The kernel understands that the power state change fails:

[ 408.603544] pci 0000:02:00.0: Refused to change power state, currently in D3

Now I'll just have to figure out why powering on the card is crashing the system. Any ideas? The Windows driver might use another mechanism to power down the card.

rkaw92 commented 10 years ago

Hi, this also occurs on my T440p. NVIDIA 730m, newest BIOS (did not test on the previous BIOS - it made the trackpoint completely unusable so I let it go before I even installed Linux). Until finding this bug report, I was wondering where the memory corruption was coming from...

Let me know if I can provide any additional information. Keep in mind that I'm not a hardware expert (and DSDT hacking is a thing I've never touched).

Lekensteyn commented 10 years ago

I wonder if it has something to do with bbswitch reading from the PCI configuration space to determine whether a card is available or not.

@leoluk If vgaswitcheroo is not available, I still would like to know if nouveau runtime PM exposes the issues experienced here. Watch for the DSM warnings (hey, useful debugging tool now :-) ) to see when the card gets disabled.

leoluk commented 10 years ago

@Lekensteyn If that helps: the problem can be triggered using only acpi_call, which does not seem to do anything related to the PCI configuration space. I'm not familiar with nouveau's runtime PM/Optimus support, but what I gathered from reading through the source is that it should automatically disable the card if it's idle, right? So I just load the module, enable automatic runtime PM, and wait? How do I enable it afterwards? By using PRIME, or disabling settting PM to "on"?

@rkaw92 If you're adventurous and submit your machine information before (see below), you could try the modified kernel and check if it prevents the memory corruption.

https://github.com/Bumblebee-Project/bbswitch#reporting-bugs

xqms commented 10 years ago

I just tried out nouveau on vanilla kernel 3.13.0-rc3 as the GT730M is not supported by nouveau in the stable kernel. Here is dmesg after it has loaded: https://gist.github.com/x-quadraht/7902666

Shortly after that the system crashed again with the known symptoms. I guess nouveau decided that the card was not in use and tried to disable it. After the crash I shortly saw two of the ACPI warnings, but dmesg was quickly flooded by the memory errors. I will try to capture that more precisely.

xqms commented 10 years ago

Here is a more complete log of the crash using nouveau: https://gist.github.com/x-quadraht/7902930

You can see virtuoso dying, as a first casualty of the memory corruption...

rkaw92 commented 10 years ago

Sorry, I haven't had the time to properly survey my system nor try the DSDT override. As a temporary workaround, I have decided to install acpi_call, which seems to work, provided that you never really need to power on the NVIDIA GPU. Blacklisted nouveau and uninstalled NVIDIA proprietary drivers, too.
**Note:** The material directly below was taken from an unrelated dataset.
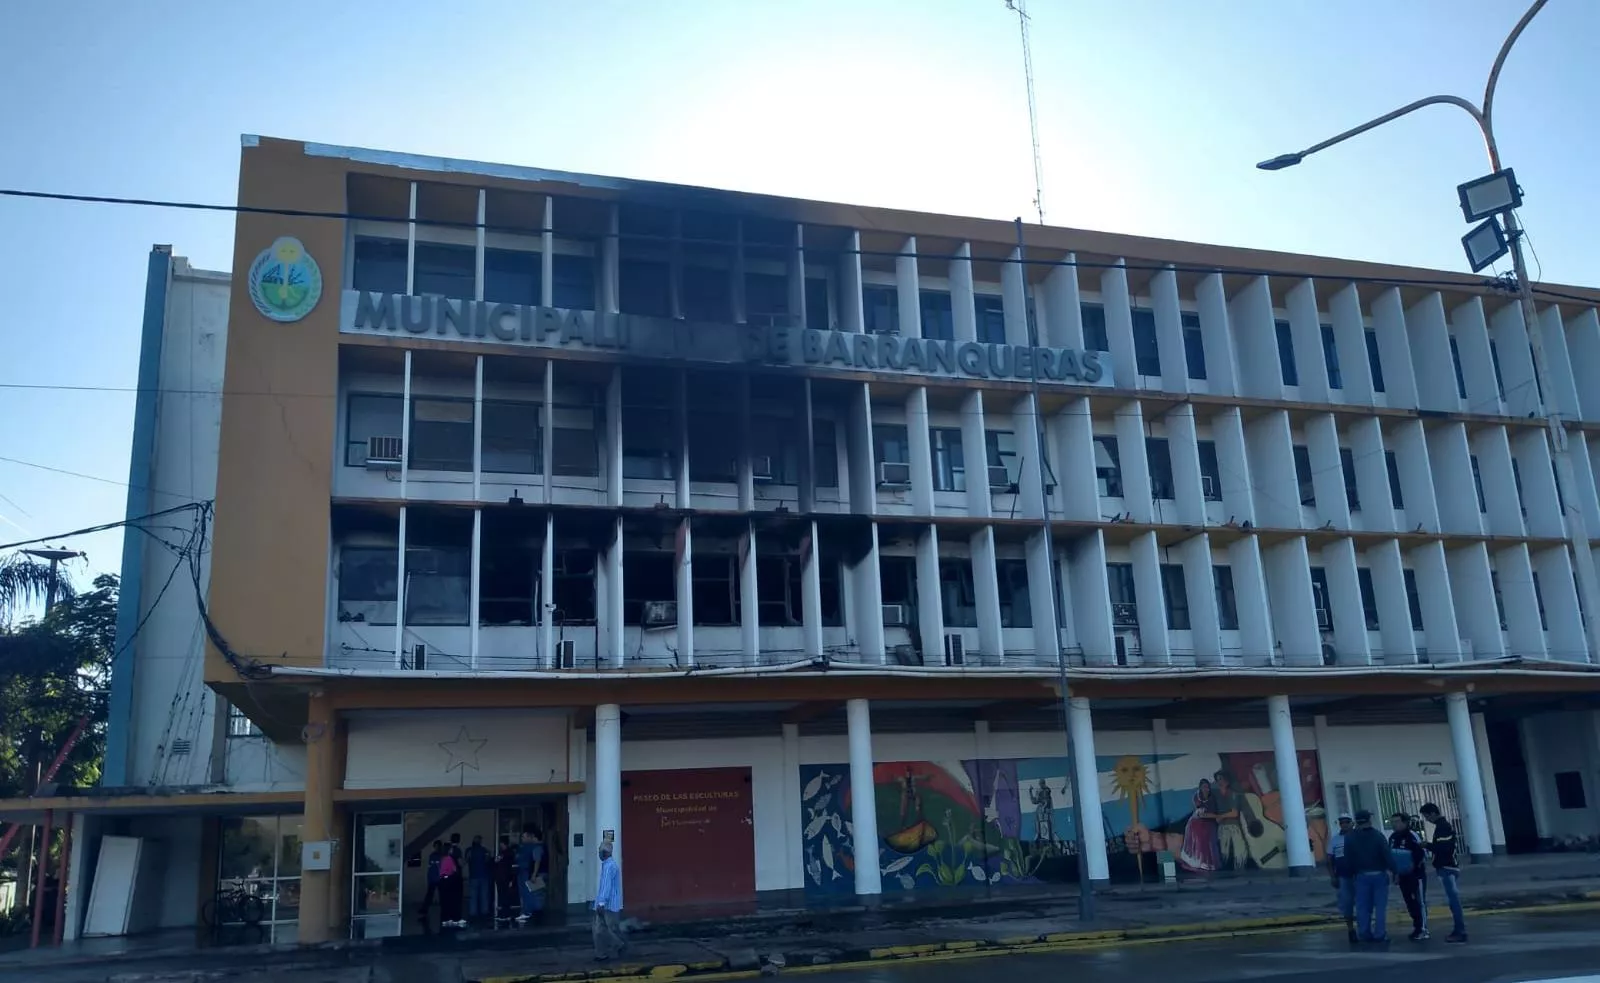 Se incendió el edificio de la Municipalidad de Barranqueras y el edificio podría derrumbarse

echo "\_SB.PCI0.PEG.VID._DSM {0xF8,0xD8,0x86,0xA4,0xDA,0x0B,0x1B,0x47,0xA7,0x2B,0x60,0x42,0xA6,0xB5,0xBE,0xE0} 0x100 0x1A {0x1,0x0,0x0,0x3}" >/proc/acpi/call
echo "\_SB.PCI0.PEG.VID.GPOF" >/proc/acpi/call

leoluk commented 10 years ago

@rkaw92 That's what I tried first (actually, I disabled it with bbswitch and then unloaded the module), but the kernel enabled the card after resuming from standby and it still crashed the system, which is why I patched my DSDT table. Could you try if standby works for you using the manual ACPI calls?

rkaw92 commented 10 years ago

Two observations: A) Indeed, unloading the bbswitch module does not fix the problem - the kernel still (supposedly) attempts to re-enable the card at resume. I am not sure if the module gets re-loaded somehow (could not verify - dmesg, lsmod and friends got overwritten as soon as I resumed). B) Using just acpi_call with the methods outlined above, I am able to suspend/resume without issues. Thus, it seems to be different from using bbswitch. This is my temporary solution, which I've been using since yesterday with full success (for a workaround) and no discernible side effects apart from complete NVIDIA disablement.

leoluk commented 10 years ago

Interesting observation, this means that the DSDT override is not even necessary (but useful if you want to make sure that the card stays disabled). Possible explanation: bbswitch calls pci_save_state before it disables the device. On suspend, the card is already disabled so the state is not saved again. On resume, the kernel restores the previously saved state and enables the device.

leoluk commented 10 years ago

I ended up returning my T440p for unrelated reasons (fan noise, broken wifi), so I unfortunately cannot longer contribute to this bug report by debugging it.

A few suggestions:

apparently, there's someone on the Arch forums who has a T440p with an older BIOS revision where Bumblebee/bbswitch works - maybe compare the ACPI tables?
the AMLI debug extension for the Windows kernel debugger could be used to trace the methods called by the Nvidia driver (I can provide the checked acpi.sys for Windows 7 x64, if anyone is interested)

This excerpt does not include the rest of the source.